Наступила долгая пауза. Затем маслянистое существо поднялось с дивана со словами:

– Ненормальная сучка!

Проспер схватил его за руку:

– Она просто очень пьяна. Пожалуйста, оставим это. Уходите.

На какое-то мгновение у меня возникло впечатление, что он не обратил никакого внимания на слова Проспера. Затем, по-видимому, передумал и направился к дверям, бросив в мою сторону прощальную фразу:

– Журналисты все одинаковы и все похожи на задницу – так же, как и она, до отказа набиты дерьмом.

– Хороший ответ, – сказала я. – Прекрасные же у вас друзья, Проспер.
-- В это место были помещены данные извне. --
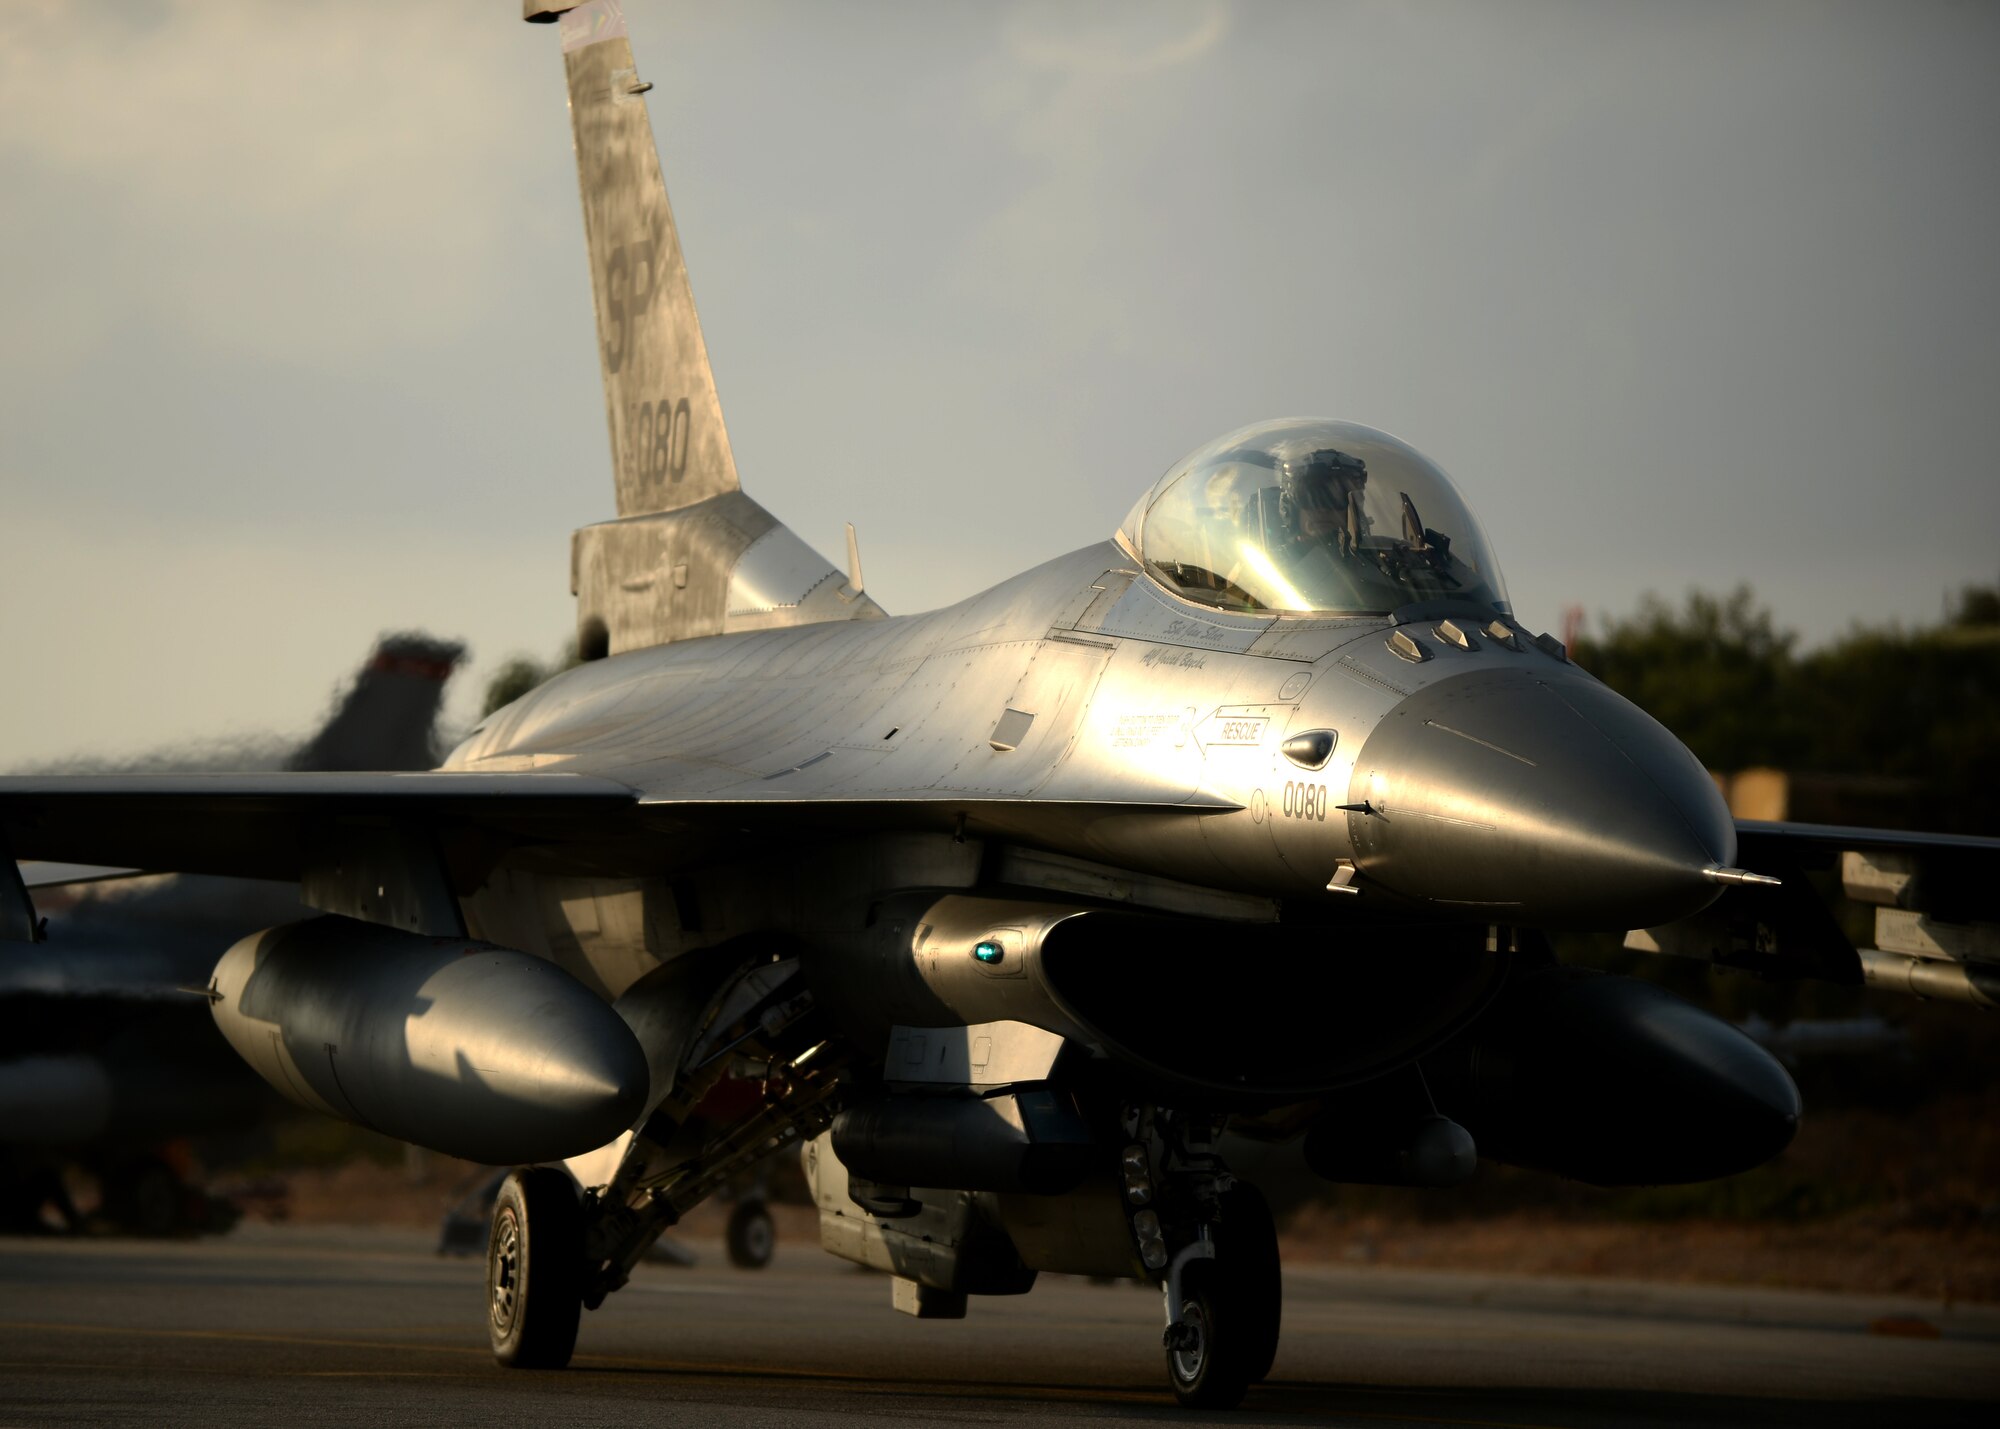 A U.S. Air Force F-16 Fighting Falcon fighter aircraft pilot taxis to the flightline Aug. 18, 2014, at Souda Bay, Greece, during a two-week training event between Greece and the U.S. The training allows the NATO partners to fly together during peacetime to strengthen their joint military capability. (U.S. Air Force photo by Staff Sgt. Daryl Knee/Released)

Превосходное владение разговорным английским для столь мелкого торговца вразнос.

Дверь с грохотом закрылась за ним. Длинные тонкие пальцы Проспера скрылись в густой, подернутой сединой шевелюре – заученный театральный жест отчаяния.

– Роз, Роз, вы даже не представляете, с кем вы имеете дело. Это ведь не игрушки. Это вам не Флит-стрит.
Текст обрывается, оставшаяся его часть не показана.